Bia: não tô no pique mesmo mana, parou.

Gabriel: tu só fica em casa cara, qualquer dia desses entra em depressão ai. Não tô falando pra você sair e beijar todo mundo não, só quero que tu distraia a mente um pouquinho irmã. 

Bia: tá bom, eu vou. Mas aí, não vou demorar muito não.

Gabriel: quando você quiser vim embora, eu te trago. 

Viado chatíssimo, insistindo a beça pra mim ir em no baile de Moscow, Ret vai estar lá e vai ser aquelas coisas né? Geral confirmando.

Gabriel: vou até pedir pro meu colega separar um reservado pra gente, do ladinho do palco.

Bia: e tomara que valha a pena viu? Porque eu tô cansadíssima e vou sair daqui só pra ir na Rocinha ver esse show.
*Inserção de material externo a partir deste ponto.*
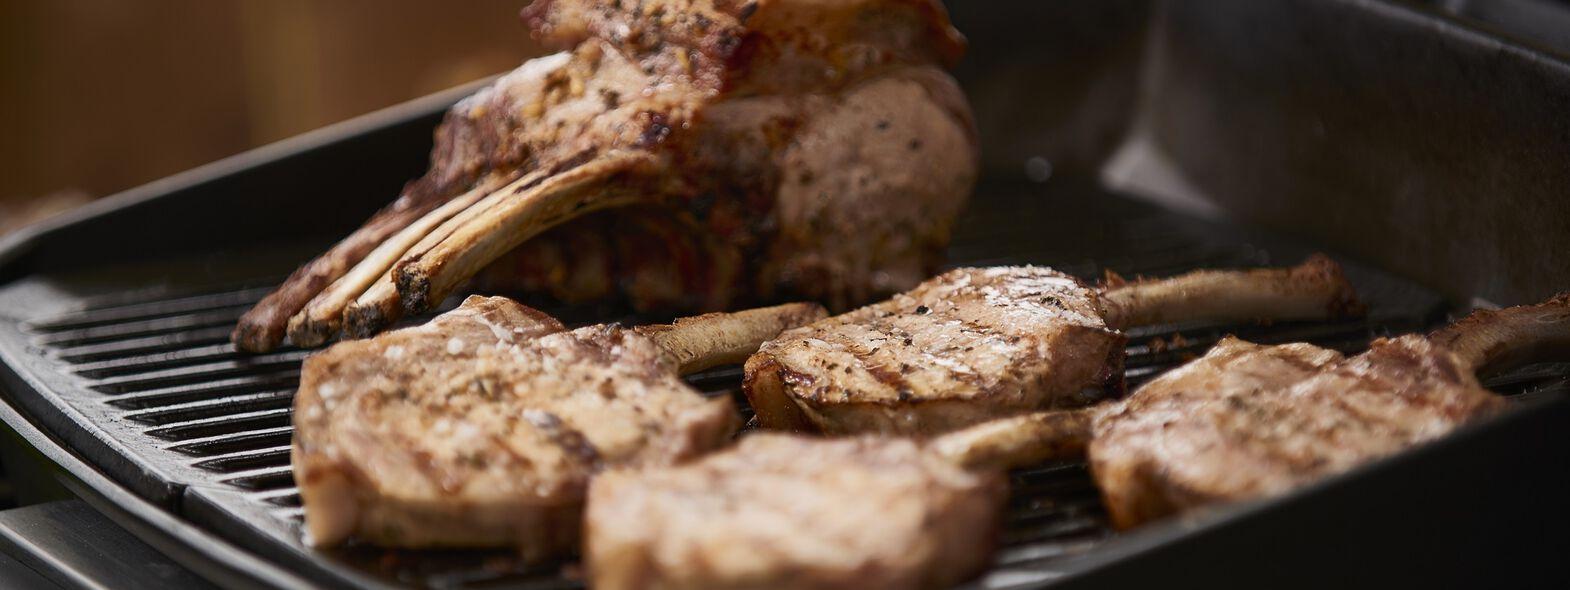 Steak & Burgers

Gabriel: é o Ret mana, lógico que vai valer a pena! Aquele gostoso não decepciona não.

Ele ficou aqui em casa comigo o dia todo, até dar o horário da gente se arrumar. Não tava calor hoje, tava aquele ventinho, mas com certeza no meio do povo vai tá um calorzão.

Então achei um look ideal pra ir, um vestidinho de manga longa preto bem simples, mas era o que tinha e um salto com brilho porque não sou fraca, certeza que meu pé vai doer babado, mas de tênis não vou não!

Povo gosta muito é de mídia, meus seguidores cada dia aumentava mais e mais e consequentemente o comentário de pessoas dando palpite na minha vida também.

Li até alguns agora me massacrando por eu estar saindo, dizendo que eu só tava com Vinicius pelo malote, que eu nem amava ele. É cada coisa que meu Deus, o pior é que esses comentários me atingem, não consigo ficar sem ligar não. Antes eu tacava o foda-se e já era, agora não é mais assim. 

Gabriel: belíssima mona!! Partiu?

Bia: bora antes que eu desista. —peguei a minha bolsa de brilho pra combinar com o saltinho.

Gabriel: xocotó hein!! Animação por favor hein?

A gente saiu daqui e tinha um carro esperando por nós no pé do morro, quando abriu a porta era logo quem? Rayssa cara, que ódio.

A garota até ontem só andava a pé, aí pisquei ela aparece de carro, de moto.

Bia: abre a boca, tá dando pra quem pra tá aparecendo assim de carro? Porque até antes de ontem era moto né?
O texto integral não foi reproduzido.